### TRY IT
All of the entries, apart from their pictures, are to be copied verbatim.

### WORKING DATA
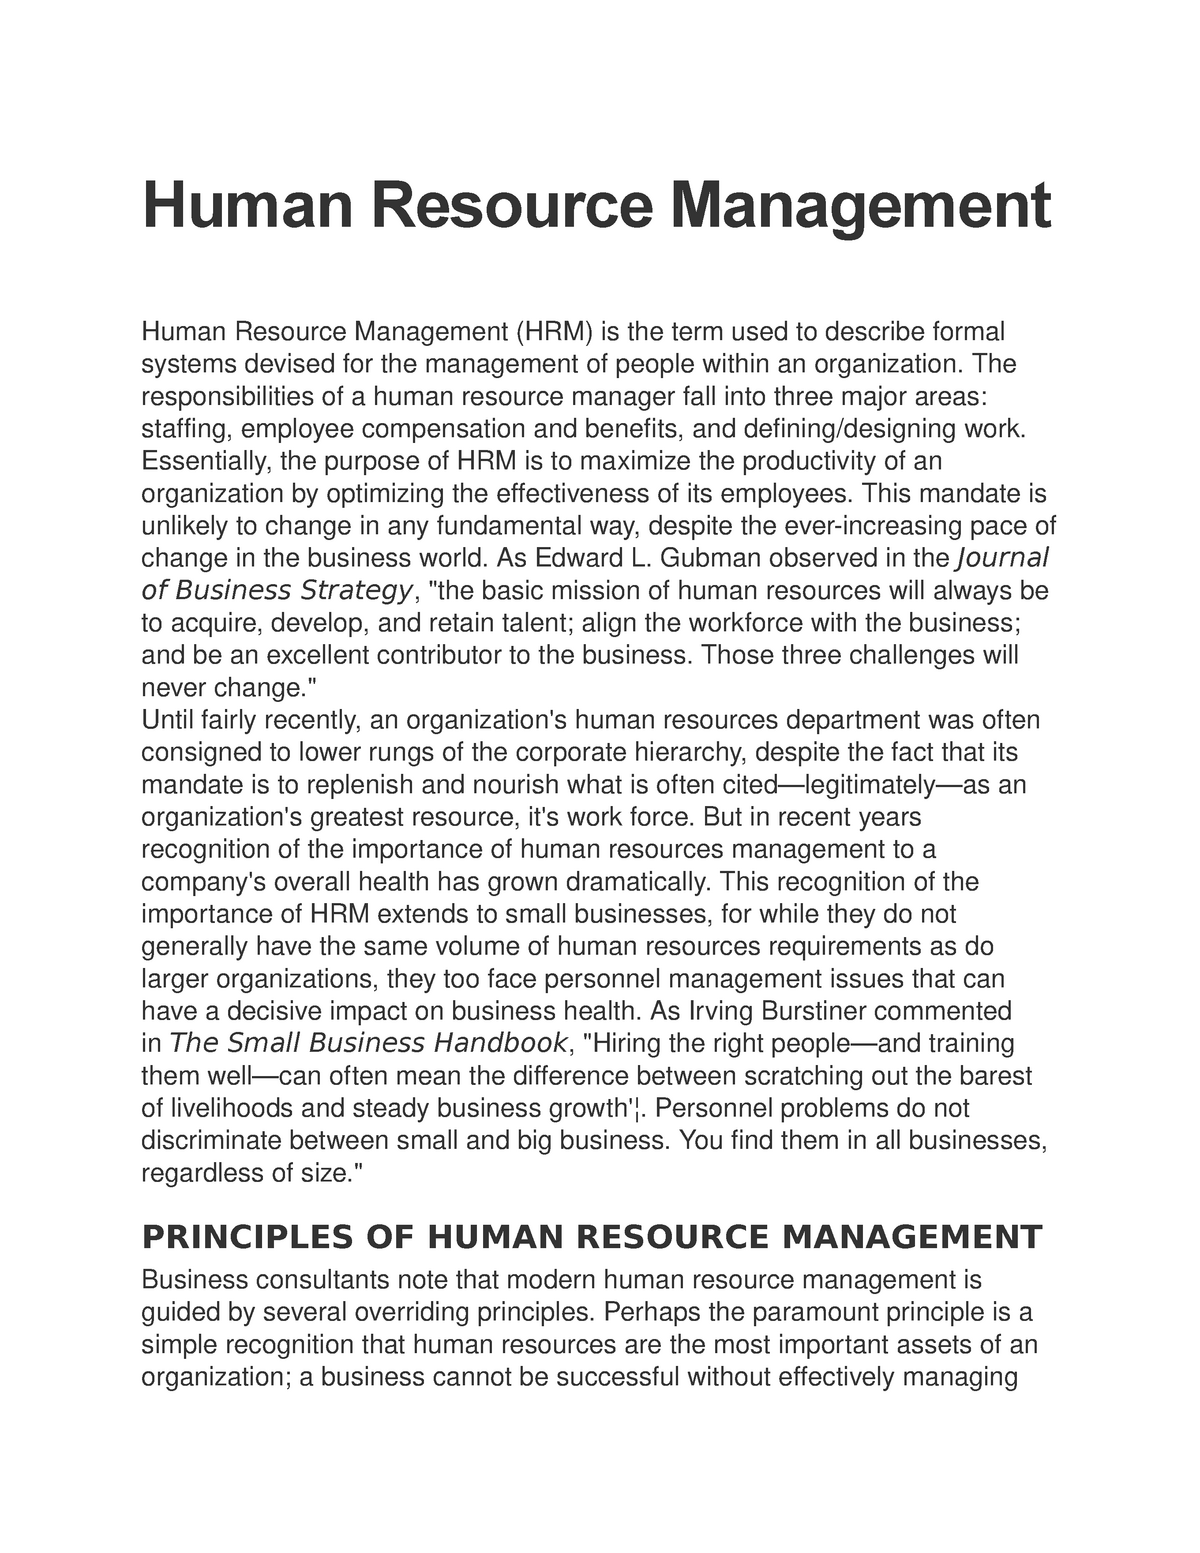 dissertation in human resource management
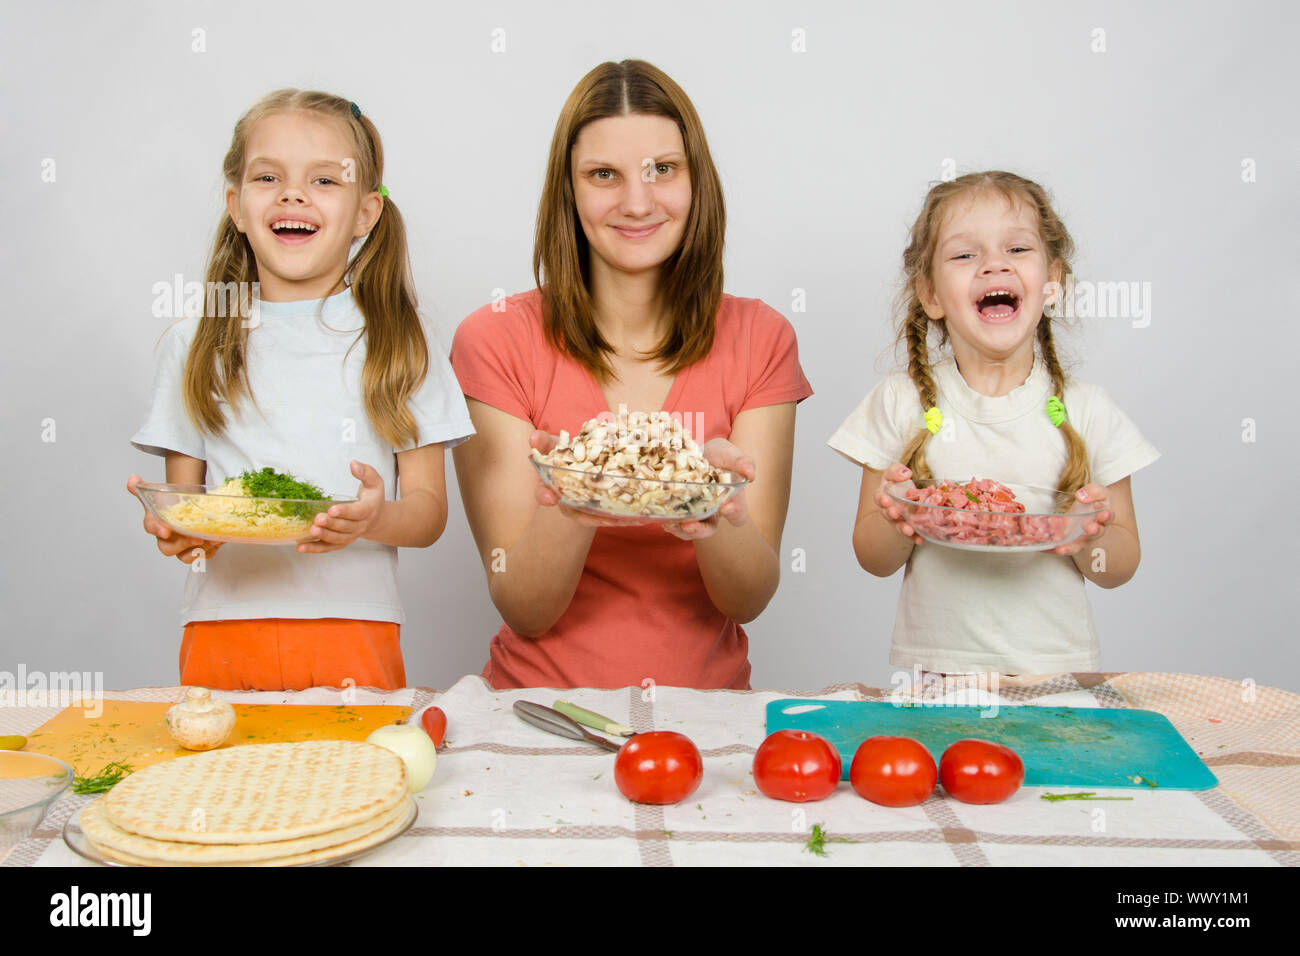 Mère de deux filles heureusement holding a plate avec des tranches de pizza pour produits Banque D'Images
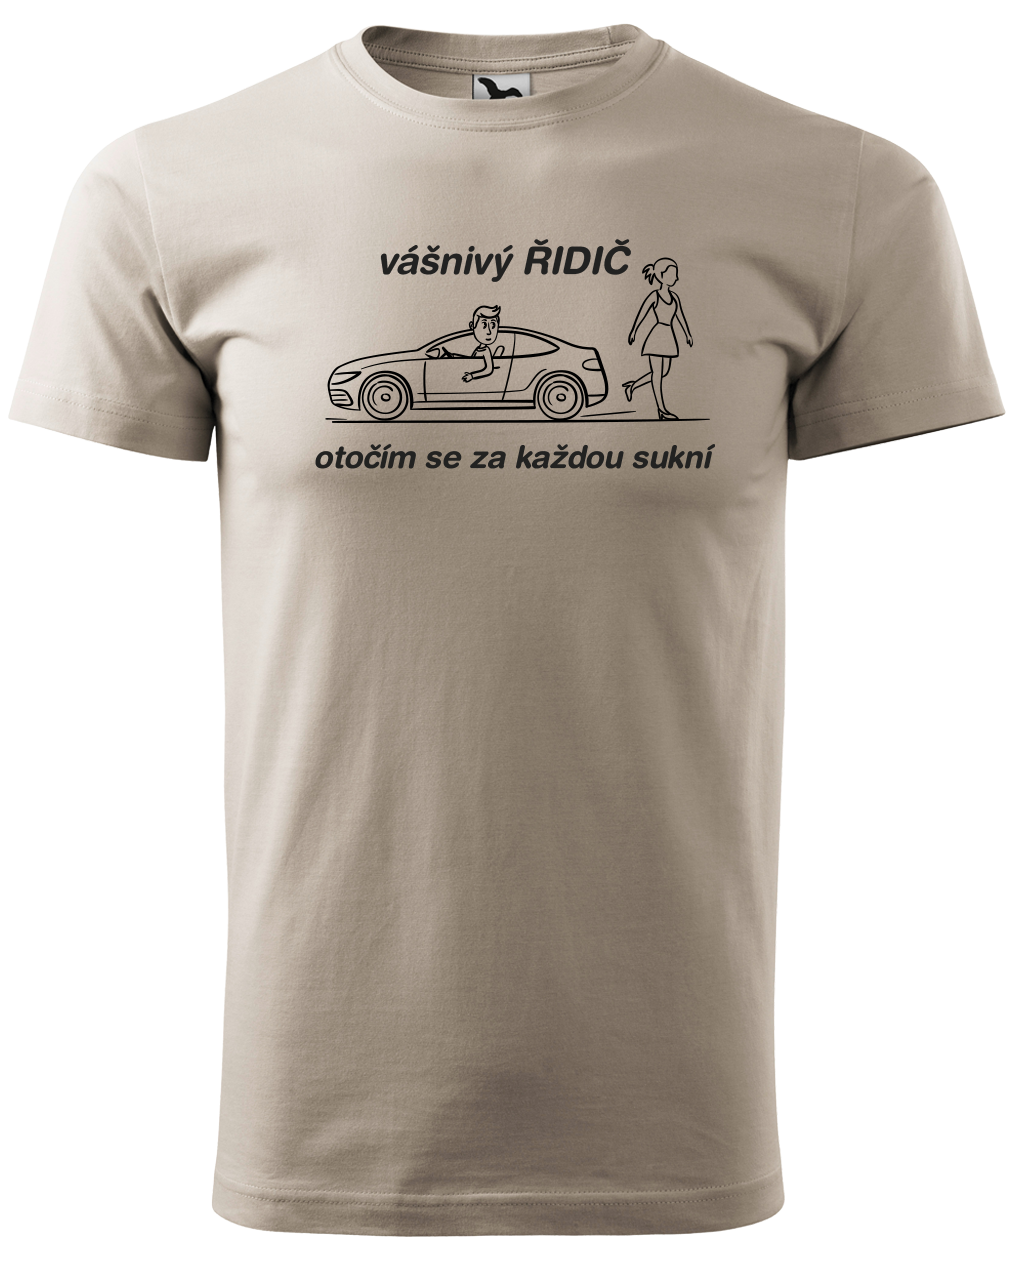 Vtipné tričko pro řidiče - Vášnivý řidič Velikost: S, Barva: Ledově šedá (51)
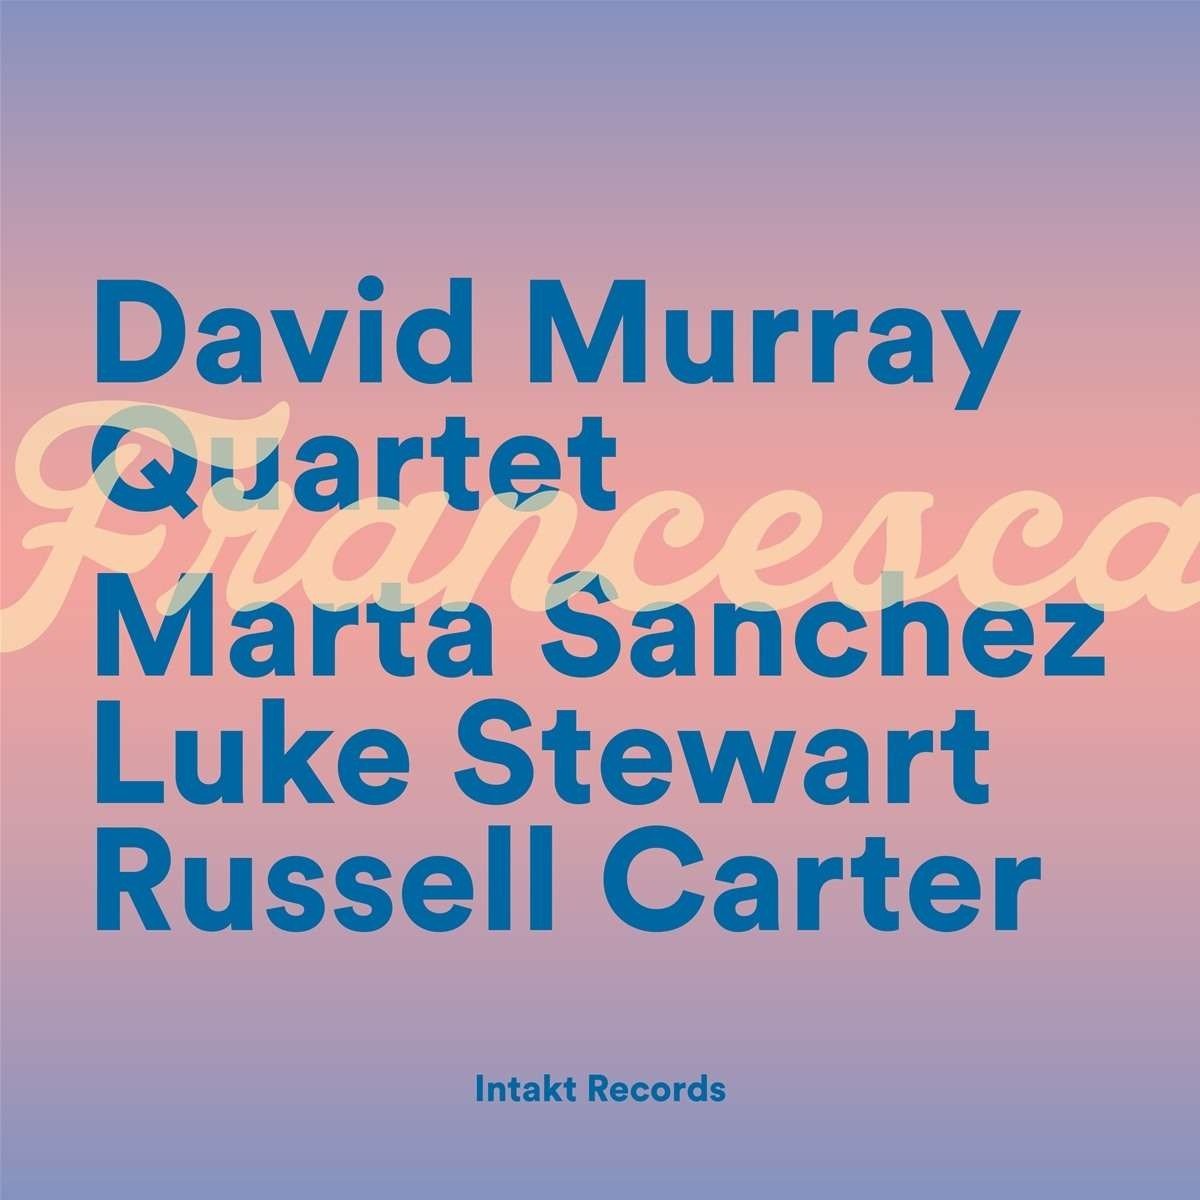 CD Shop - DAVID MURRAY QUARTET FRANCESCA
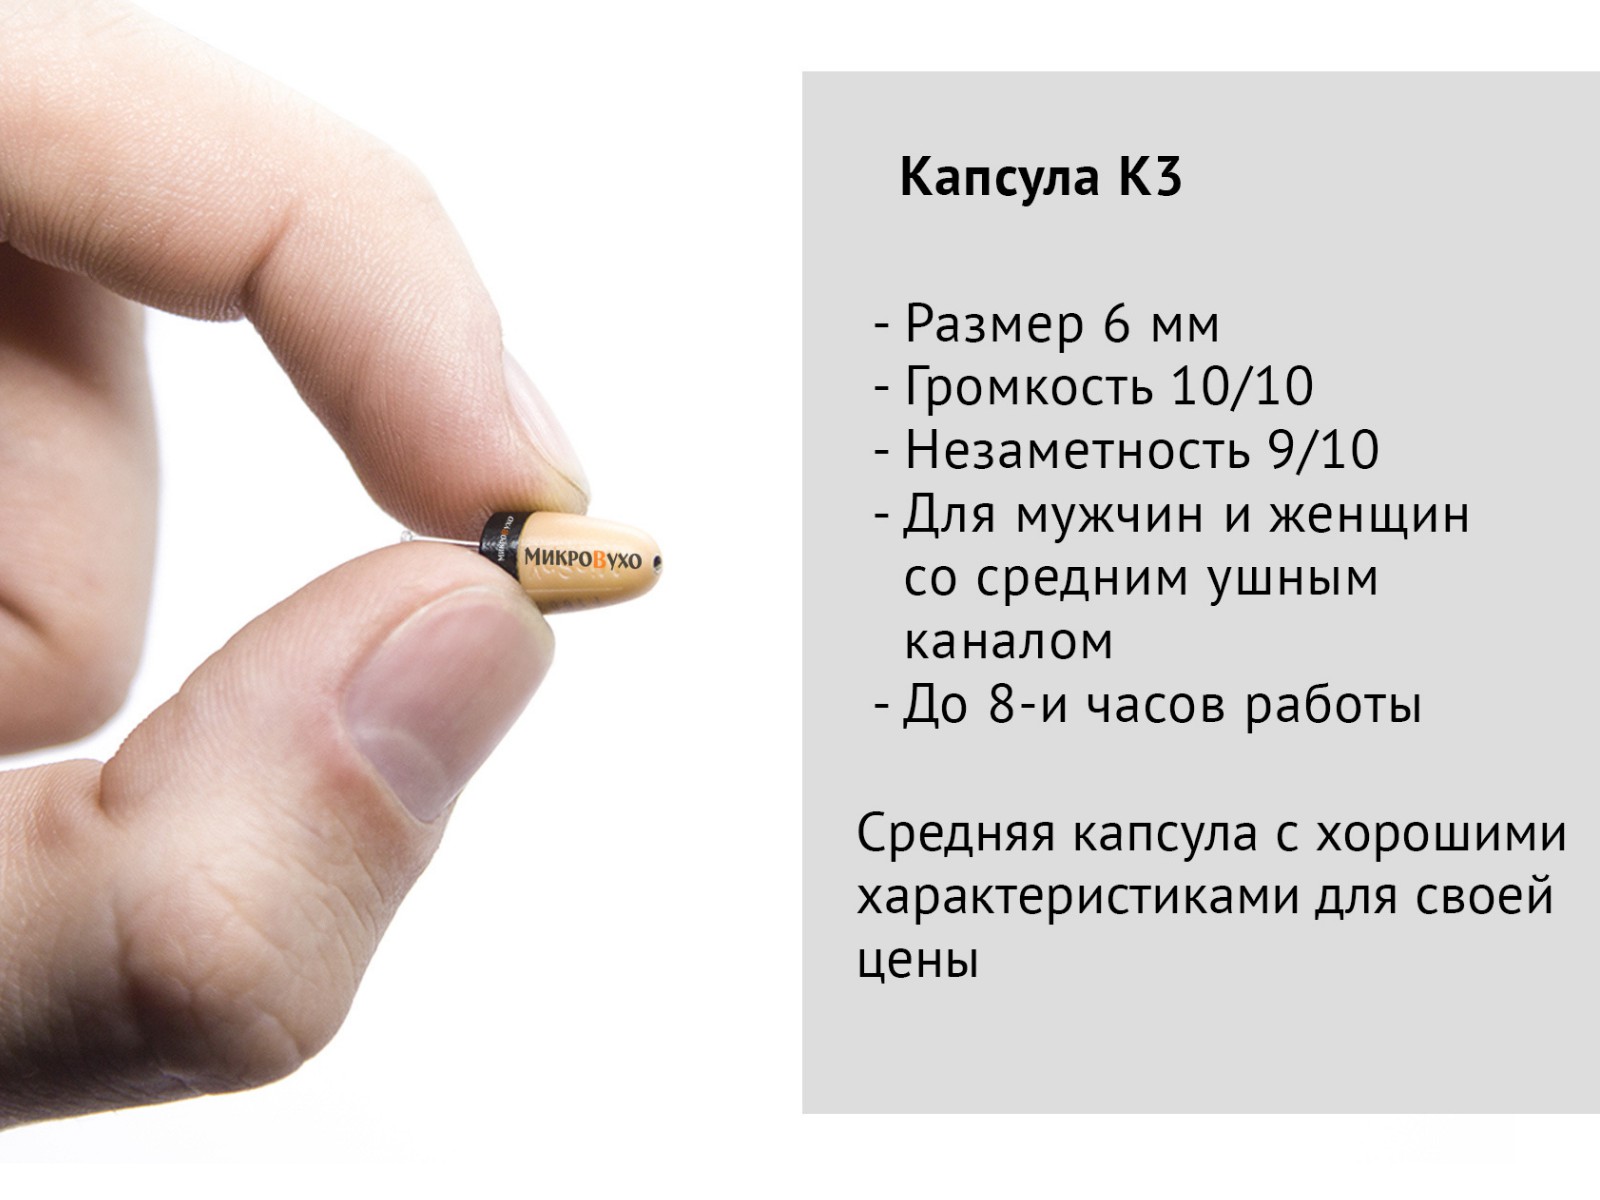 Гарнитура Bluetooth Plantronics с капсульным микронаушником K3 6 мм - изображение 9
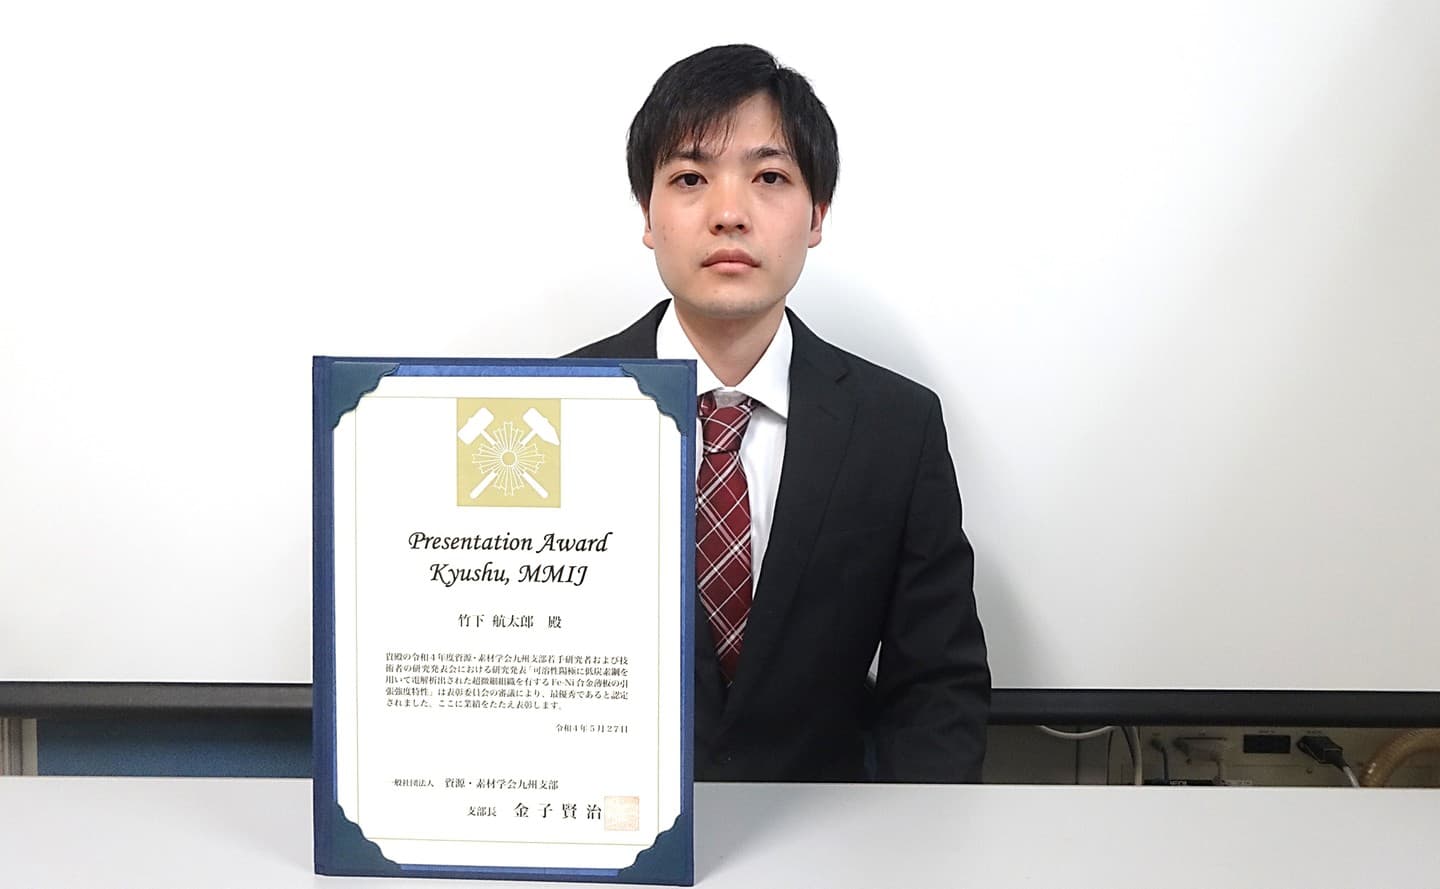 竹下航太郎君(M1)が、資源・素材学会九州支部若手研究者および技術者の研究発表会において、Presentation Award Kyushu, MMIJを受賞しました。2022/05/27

### SOLUTION FOR THIS EXERCISE
 dissertation in human resource management
 Mère de deux filles heureusement holding a plate avec des tranches de pizza pour produits Banque D'Images
 Vtipné tričko pro řidiče - Vášnivý řidič Velikost: S, Barva: Ledově šedá (51)
 CD Shop - DAVID MURRAY QUARTET FRANCESCA
 Гарнитура Bluetooth Plantronics с капсульным микронаушником K3 6 мм - изображение 9
 竹下航太郎君(M1)が、資源・素材学会九州支部若手研究者および技術者の研究発表会において、Presentation Award Kyushu, MMIJを受賞しました。2022/05/27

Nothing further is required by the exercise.